Development finance costs accrue throughout this period and must be factored into any land development appraisal.
If a scheme takes longer than anticipated — whether due to planning delay, weather, supply chain disruption or market conditions — that time has a cost.
In development, time is rarely neutral.
Risk and Developer Margin
“Margin” is often misunderstood.
It is not simply profit in the conventional sense. It is the allowance that enables a scheme to absorb the many sources of volatility.
Without sufficient margin, even modest movements in sales value or build cost can undermine viability. Lenders require it. Investors expect it. It is what keeps a project resilient.
A scheme that appears generous on paper but carries no risk allowance is unlikely to proceed. And if it does not proceed, no land value is realised.

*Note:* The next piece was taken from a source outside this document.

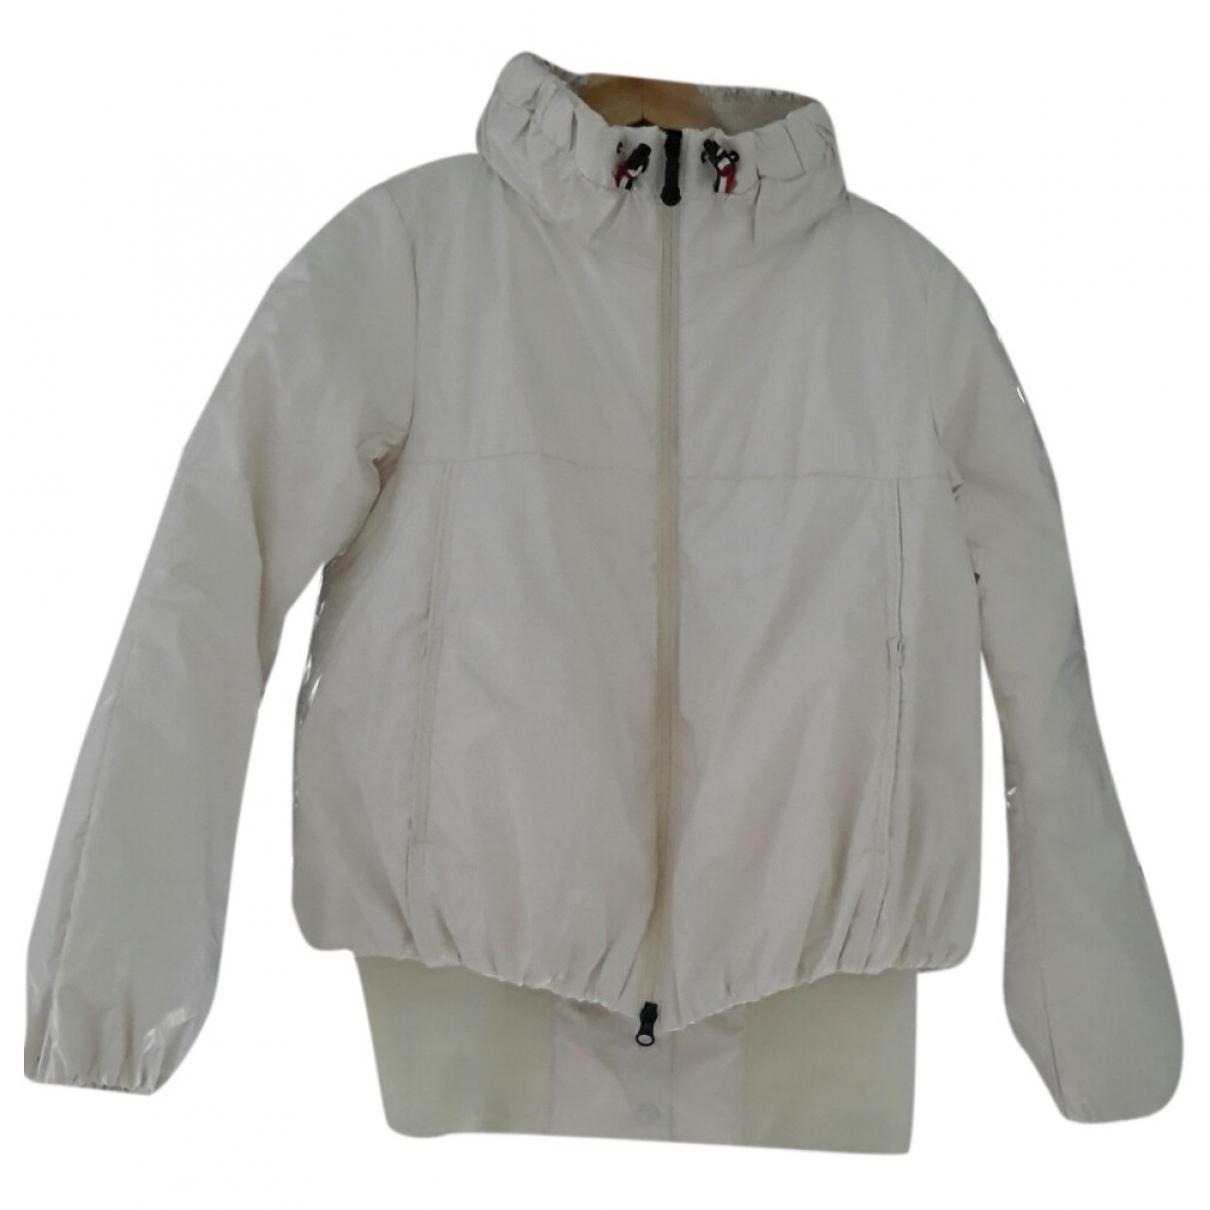 Moncler \N White jacket for Women XS International

The Residual: Where Land Value Sits
Once construction costs, professional fees, infrastructure contributions, finance and risk have been accounted for, what remains is the residual land value.
This is why two sites with similar headline GDV can produce very different land valuations.
Overall, development economics is not pessimistic. Rather it is disciplined. It recognises that future sale prices are uncertain, that build costs fluctuate, and that planning and delivery carry risk.
For landowners, understanding this framework is crucial as it allows conversations about value to be grounded in commercial reality rather than raw optimism.